1.3.1.3 Instrumentation

No tool, test, or measure used in research can be entirely valid and reliable one hundred percent of the time. Instruments can produce low reliability scores or even produce inadequate psychometric properties (e.g., construct and predictive validity) with a study’s particular sample. This is an important consideration as some tests and measures were never validated or normed with diverse samples. Consider a measure of marital satisfaction that was created using heterosexual couples in the Netherlands. The measure may have great face validity, and even demonstrate adequate levels of content, criterion, and construct validity. But it may not produce the same psychometrics if used in married couples in the United States. It may be entirely inappropriate to use this measure if the United States sample also includes same-sex couples. Lastly, human beings administering instruments could contribute additional error, making instrumentation a serious threat to research studies. For example, some researchers may become fatigued when administering some measures, may not be consistent with measurement, or may not accurately observe a phenomenon during a research study.

1.3.1.4 Testing

It is common to test participants multiple times throughout the course of a research study. Researchers often use the same test, measure, scale, or inventory when testing participants, but it begs the question as to whether changes in a test—that had been given multiple times—reflect true change? Sometimes referred to either as a practice effect or fatigue effect, changes in scores on the same test may be the result of familiarity with the test or becoming tired with the test.

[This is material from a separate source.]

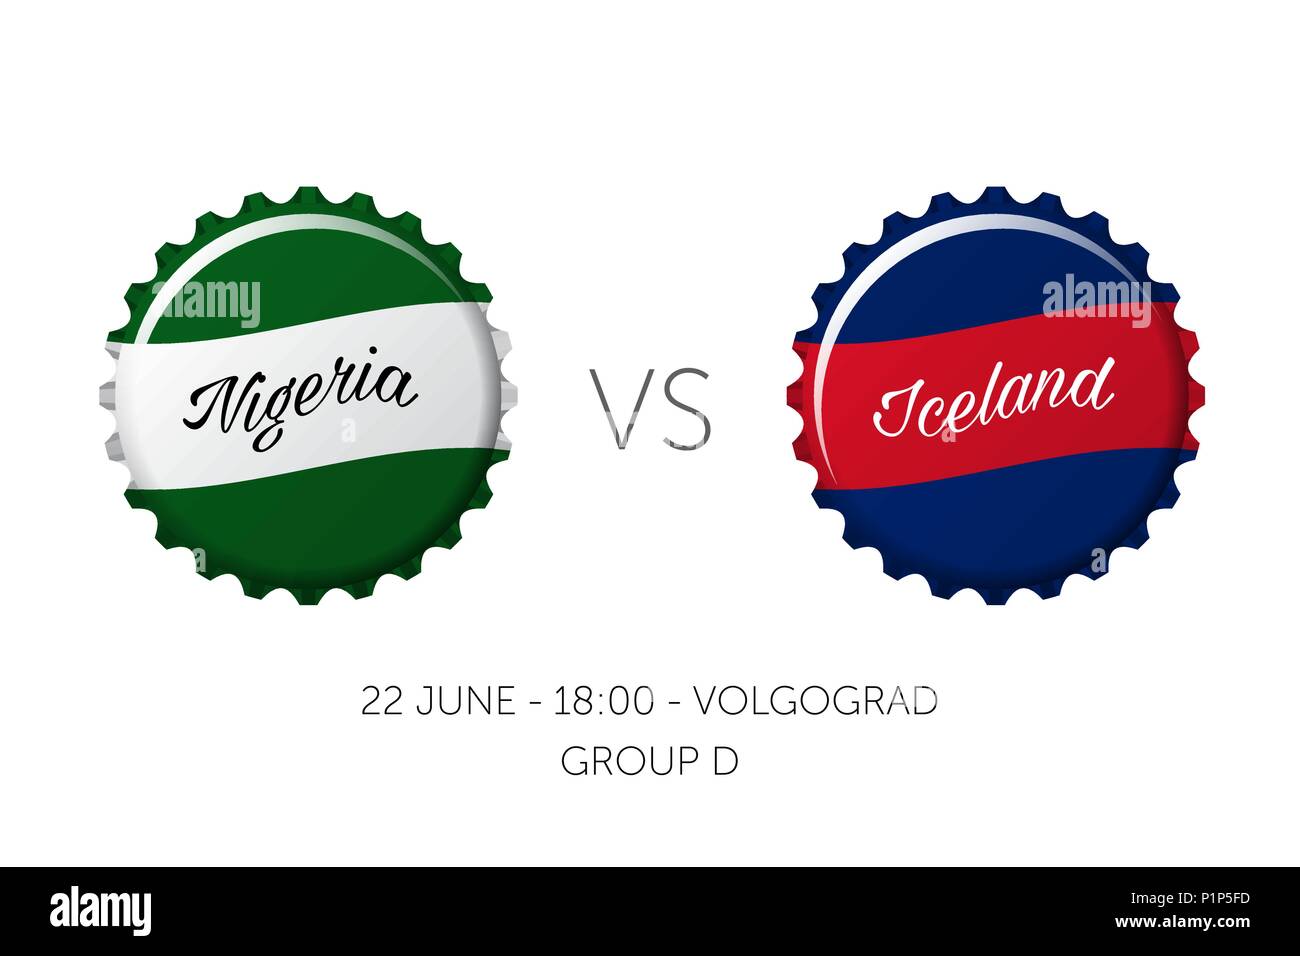 Soccer championship - Nigeria VS Iceland - 22 June Stock Vector

1.3.1.5 Statistical Regression, or Regression to the Mean

Sometimes researchers select participants based on high or low scores on a particular test or measure (Campbell & Kenny, 1999). For example, researchers may be interested in examining people who score high on measures of academic or cognitive functioning. If retested, those same participants may continue to score high or low. However, not all would score as high or low because of statistical regression, or regression to the mean. When participants are retested, researchers find that scores are less extreme and center toward an average score. Imagine a researcher was interested in testing a career counseling intervention with first generation college students who reported high scores on career indecision and anxiety in a career battery of questionnaires. After the intervention is complete, the researchers issue a final battery of questionnaires. These same first generation college students may appear less anxious and indecisive due to statistical regression to the mean and not necessarily the intervention.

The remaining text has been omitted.